COLLECTED DATA:
_ _ _ _
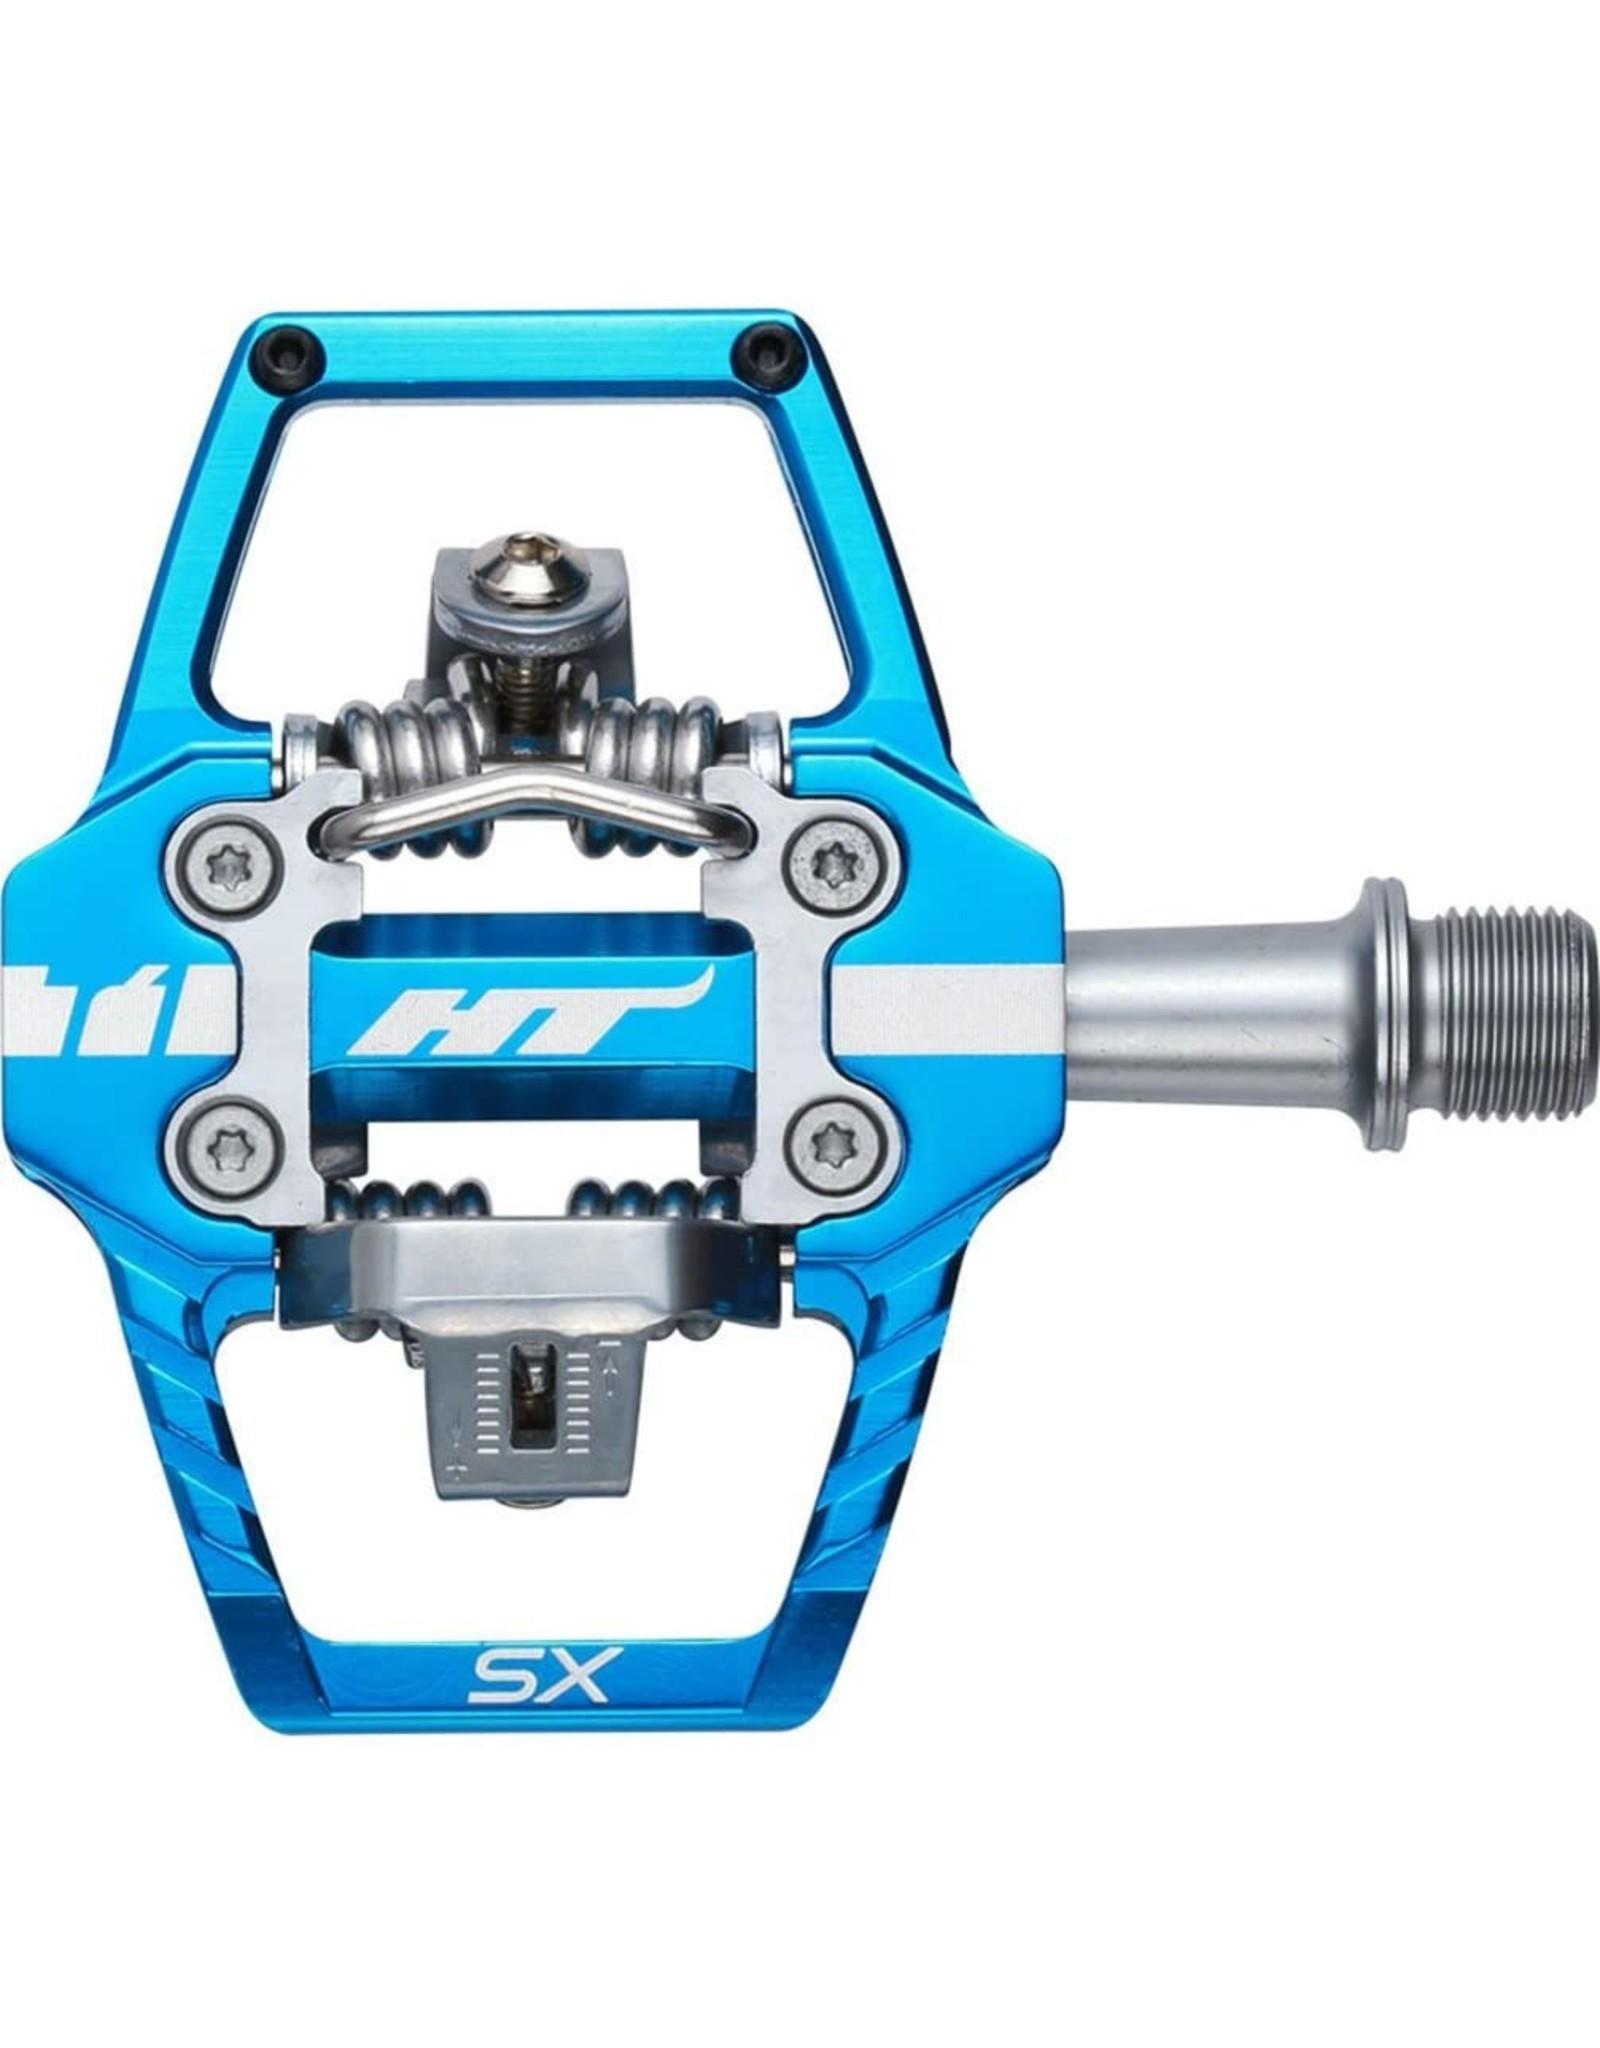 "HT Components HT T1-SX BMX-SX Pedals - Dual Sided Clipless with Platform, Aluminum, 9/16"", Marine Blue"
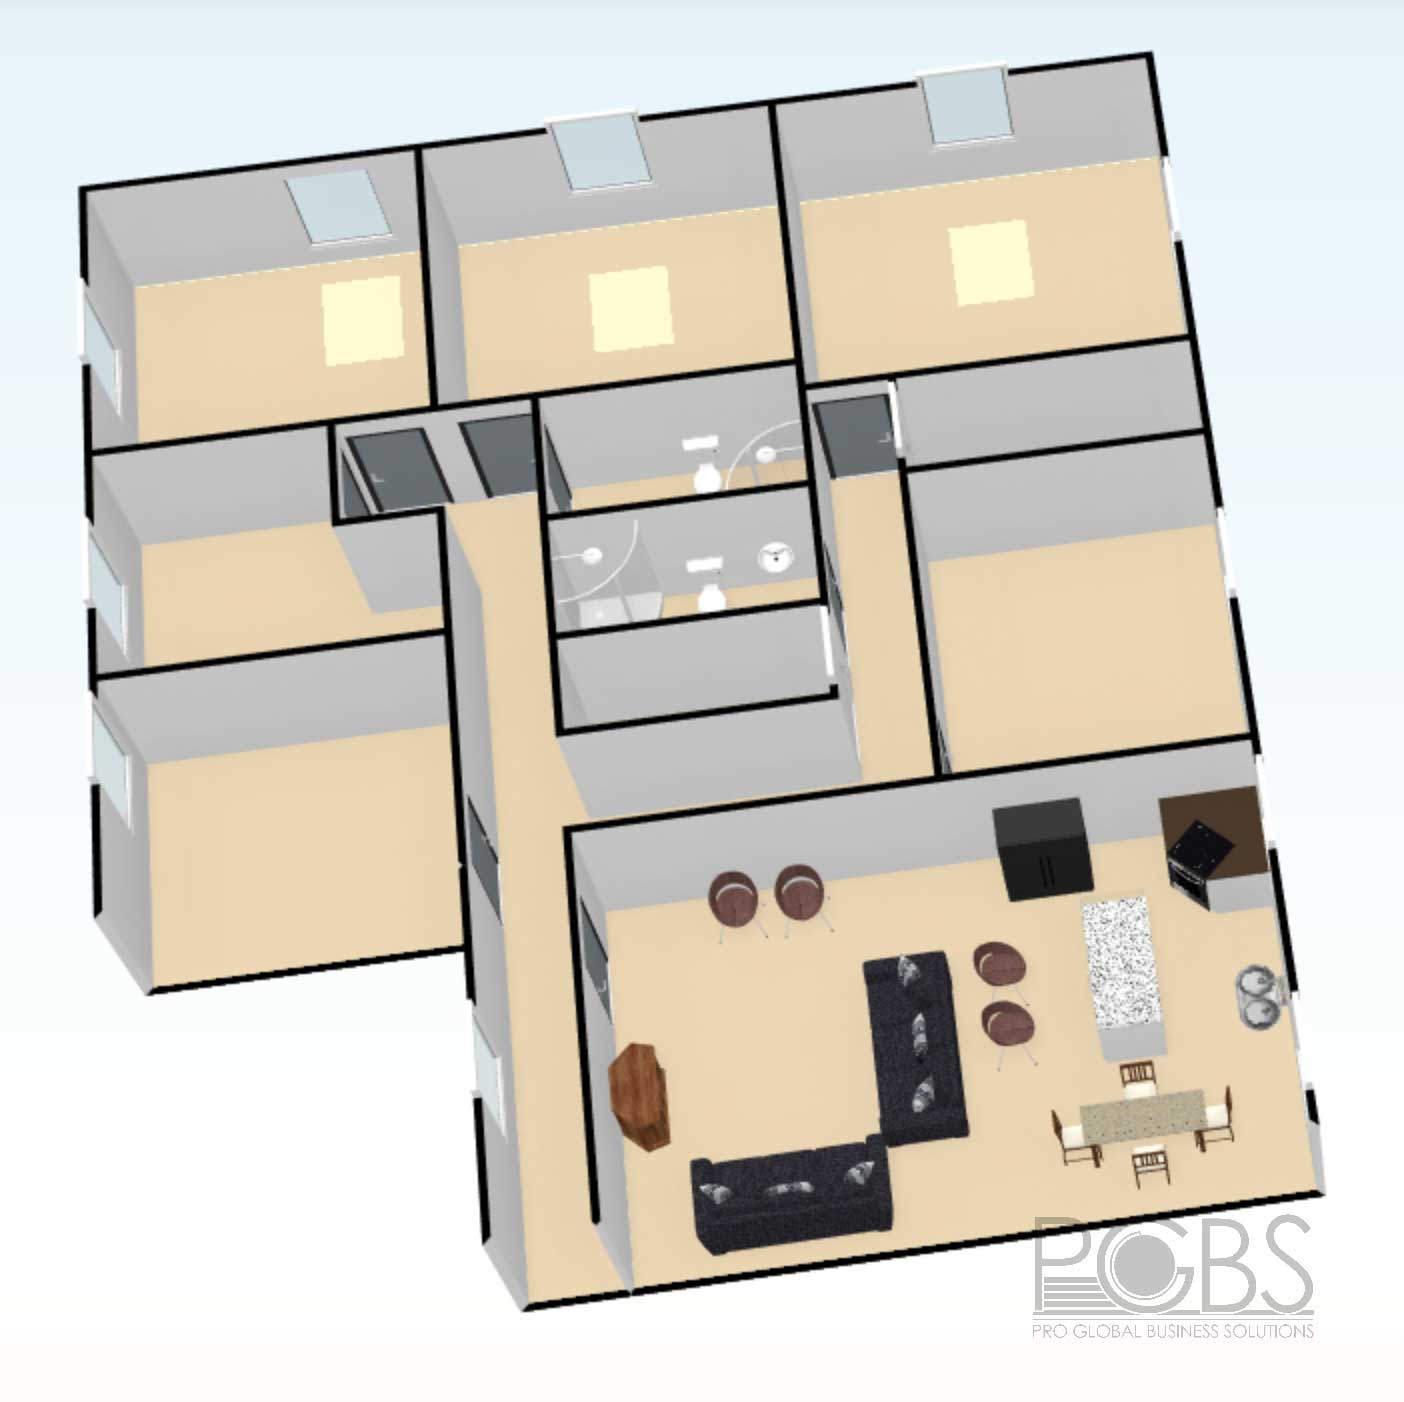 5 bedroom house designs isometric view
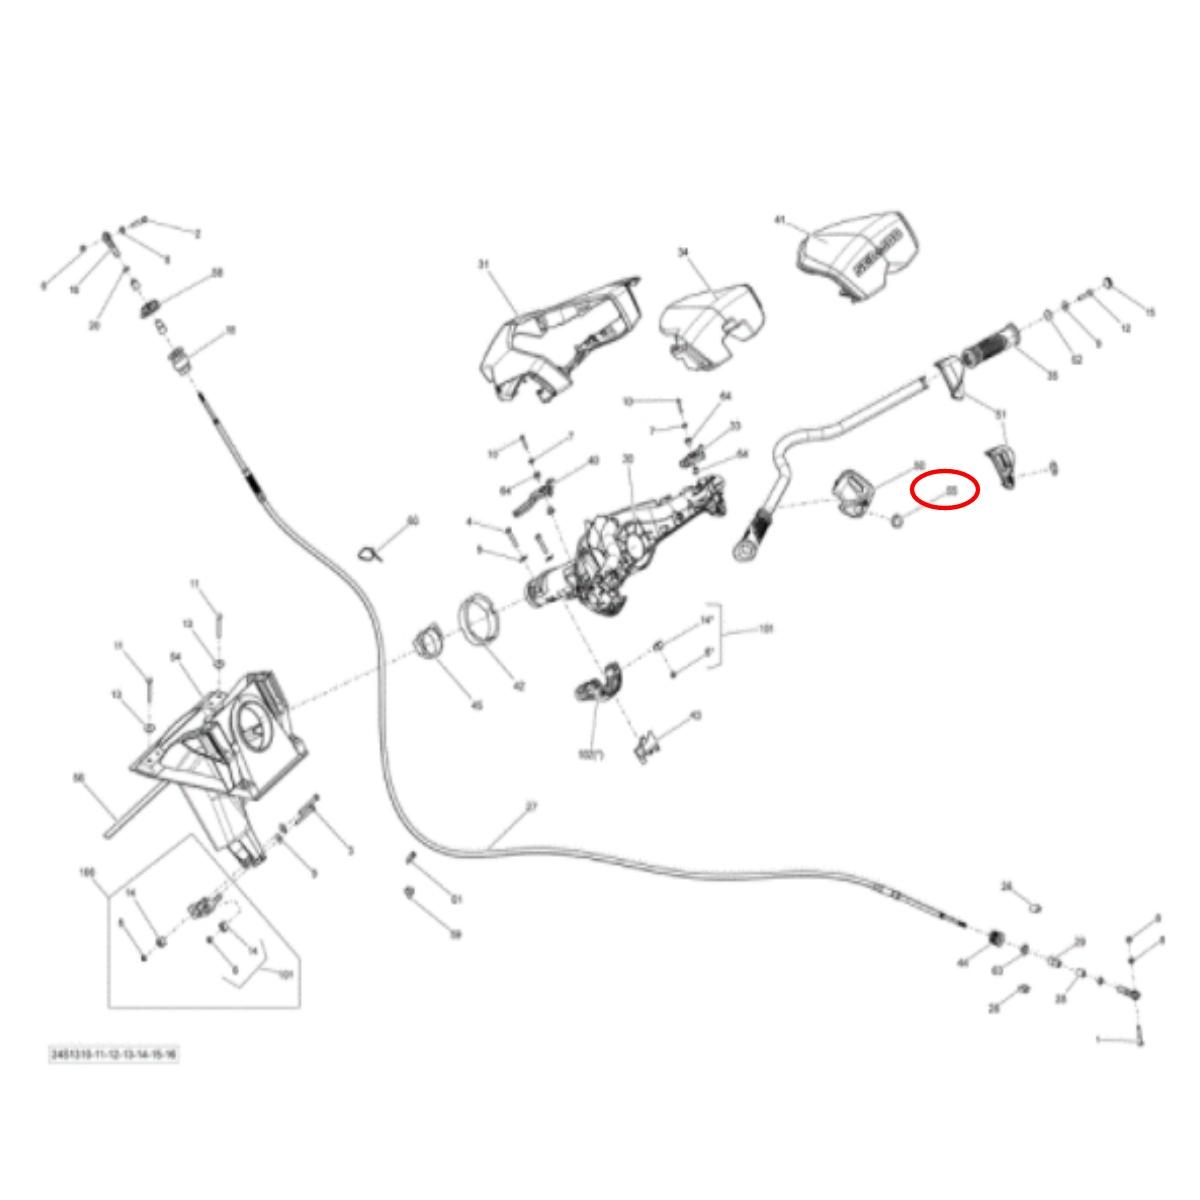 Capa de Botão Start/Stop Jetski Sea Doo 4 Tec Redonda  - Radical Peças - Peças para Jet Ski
_ _ _ _
ACTION ITEM: The data is to be returned exactly as it stands, pictures aside.

SOLUTION:
 "HT Components HT T1-SX BMX-SX Pedals - Dual Sided Clipless with Platform, Aluminum, 9/16"", Marine Blue"
 5 bedroom house designs isometric view
 Capa de Botão Start/Stop Jetski Sea Doo 4 Tec Redonda  - Radical Peças - Peças para Jet Ski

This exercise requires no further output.